The mandate of city councils had been reduced in early 2015 to issuing birth and death certificates and maintaining the registry of residents after former president Abdulla Yameen transferred other municipal services to the housing ministry.

As pledged during his campaign, President Solih handed back management of public spaces, parks, mosques, and roads to the city council in December, after which parliament’s public accounts committee was asked to review the salary and allowances of councillors in light of the wider mandate.

A recommendation by the committee to hike the mayor’s monthly salary to MVR40,000 (US$2,600), the deputy mayor’s to MVR35,000 and other councillor’s to MVR30,000 was passed unanimously with 35 votes in favour.

According to the oversight committee’s chair MP Ahmed Nashid, the finance ministry did not object to the proposed hike.

“The finance ministry advised us there would be no impact on the budget and that it could be managed,” he said, presenting the committee report to the floor.

Other services presently provided by city councils include leasing plots of land for commercial or social use, investing in such properties, registering land and buildings, keeping records of real estate transactions, and maintaining a registry of expatriates.

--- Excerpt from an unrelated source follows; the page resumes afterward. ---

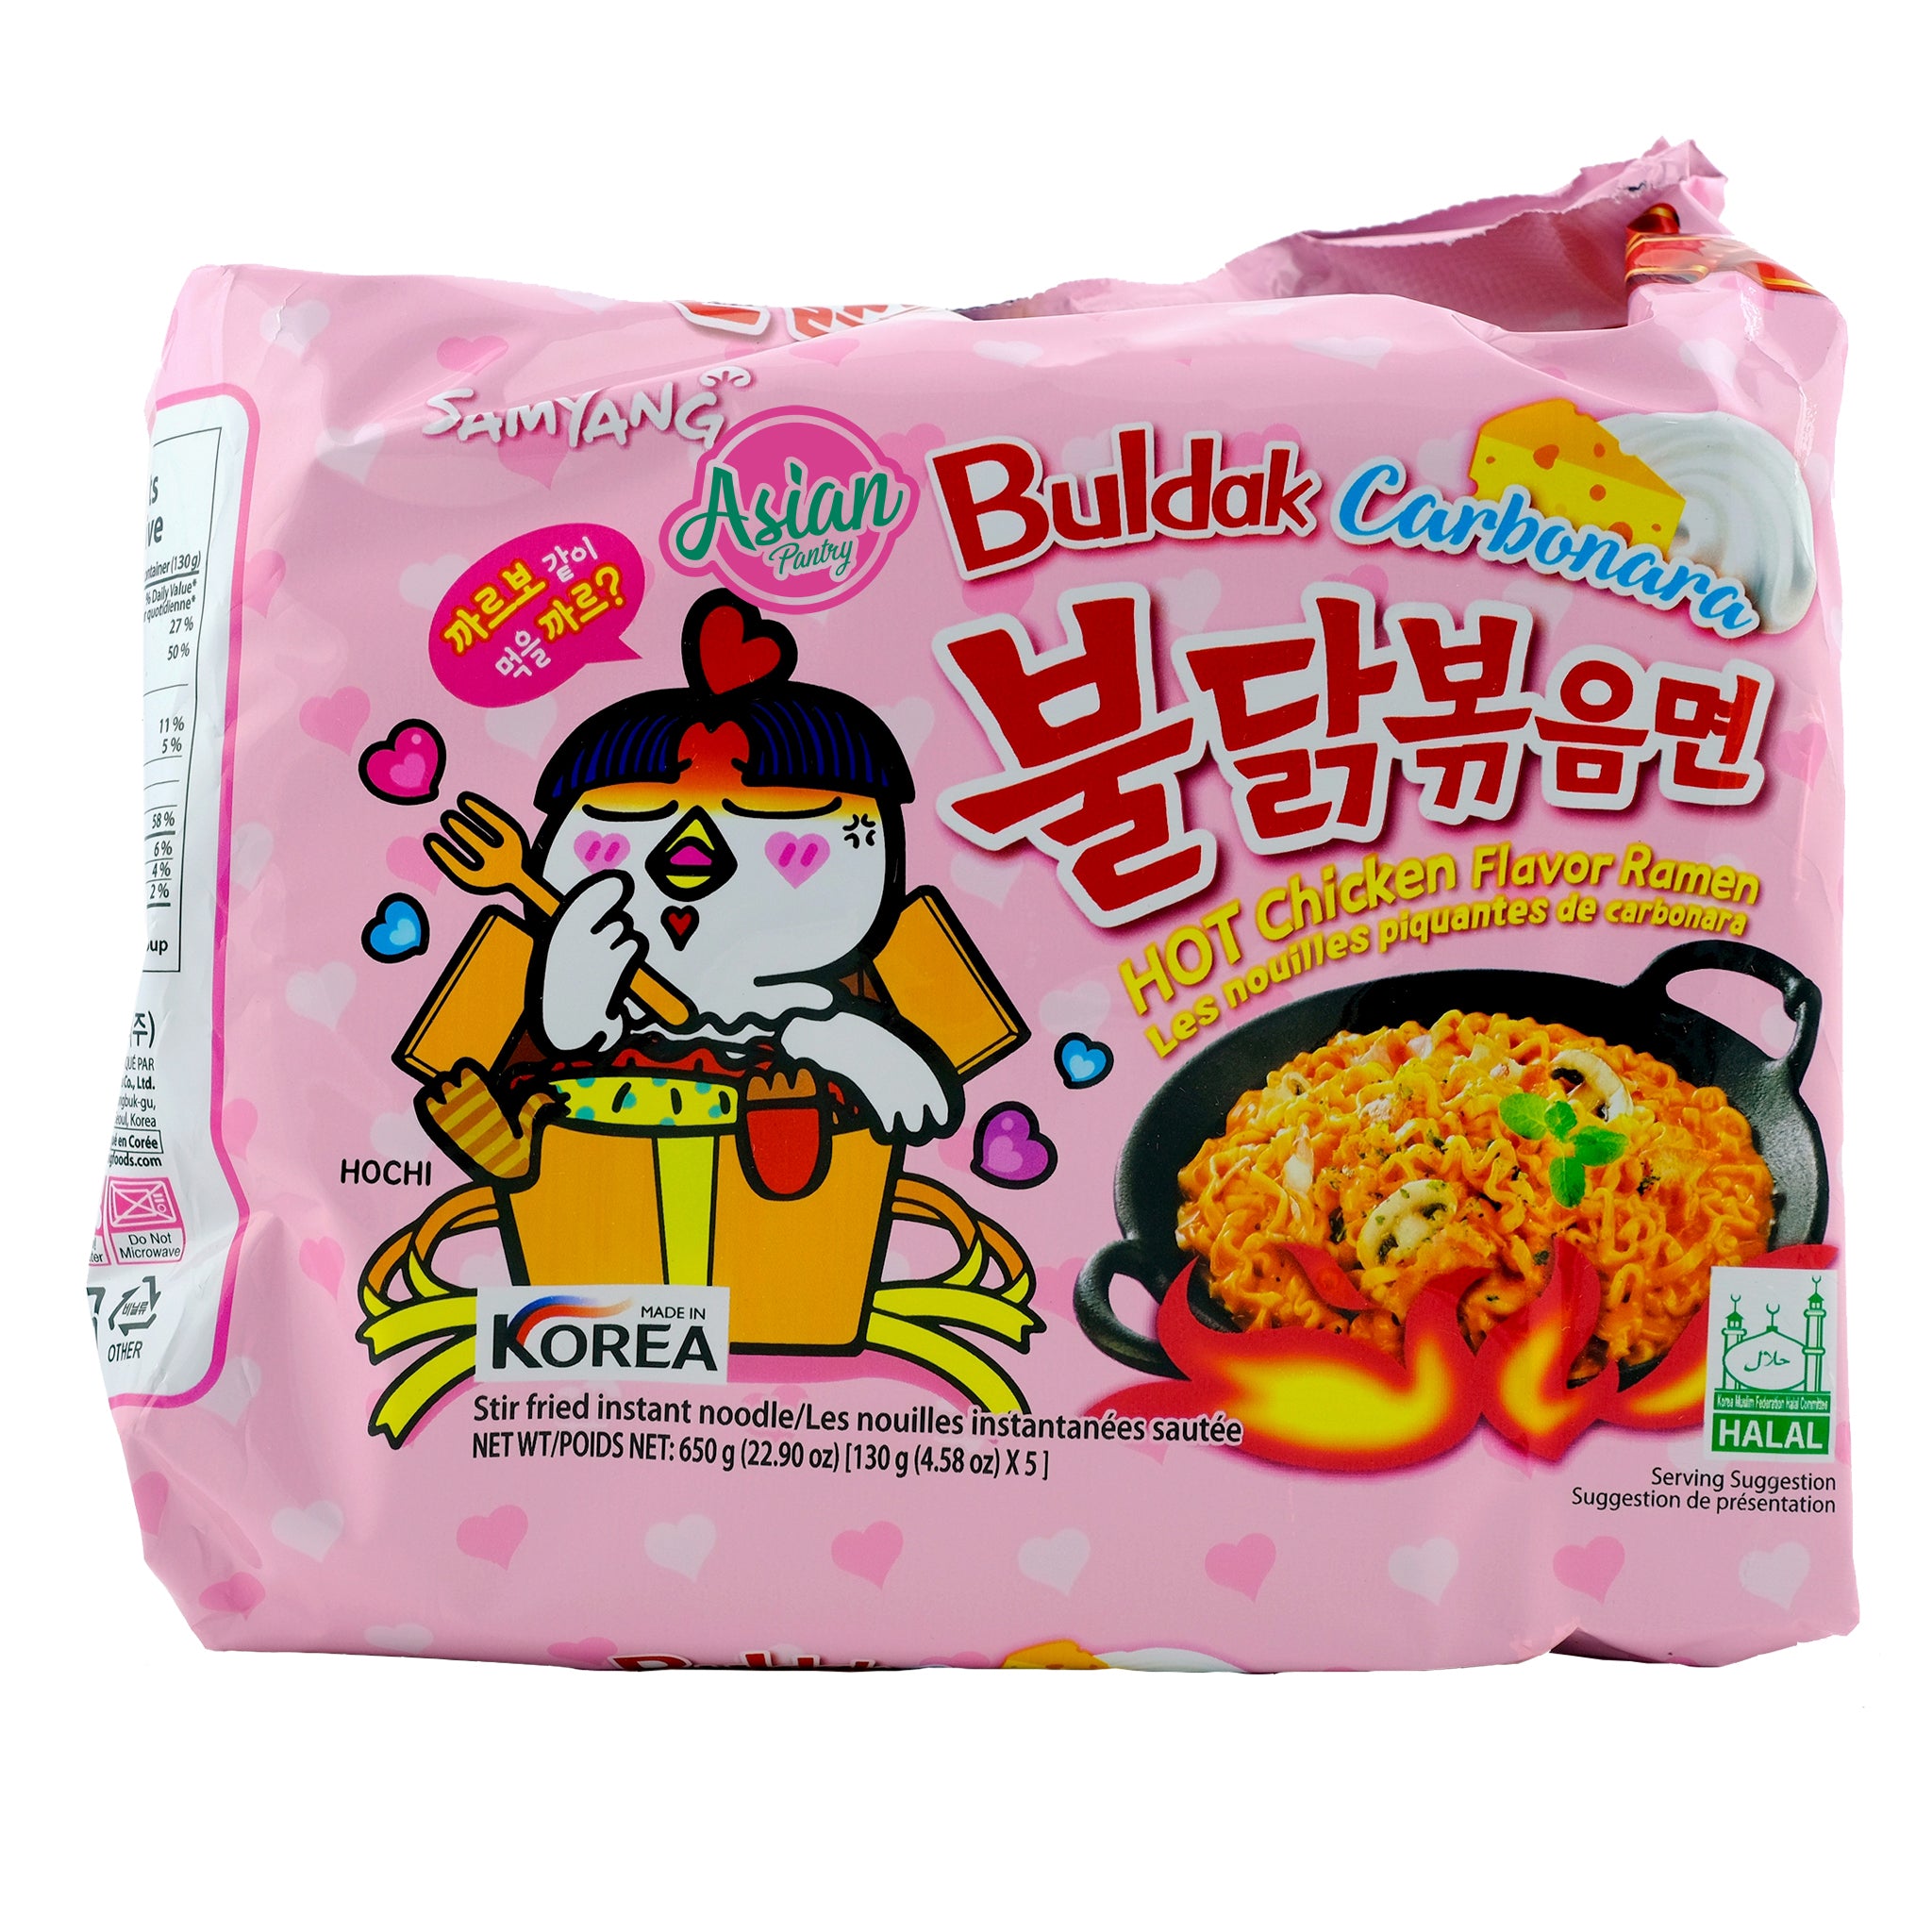 Samyang Buldak Carbonara - Hot Chicken Flavour Ramen

During the former administration, the ruling party-dominated parliament controversially amended the decentralisation law to authorise the president to determine the public service to be provided by city councils.

A third of the council’s employees were transferred to the housing ministry and the Malé City Council also struggled to find office space after being forced to leave two previous properties.

Pay cuts of more than 50 percent for Malé and Addu city councillors – most of whom belonged to the then-opposition Maldivian Democratic Party – were approved in October 2015 following the transfer of the powers and responsibilities to the housing ministry.

More core functions of the opposition-dominated councils were taken away in July 2018.

In the last municipal elections in May 2017, the MDP won 12 out of 13 seats on Malé City Council, all seven seats on Addu City Council and two out of three seats on the Fuvahmulah City Council.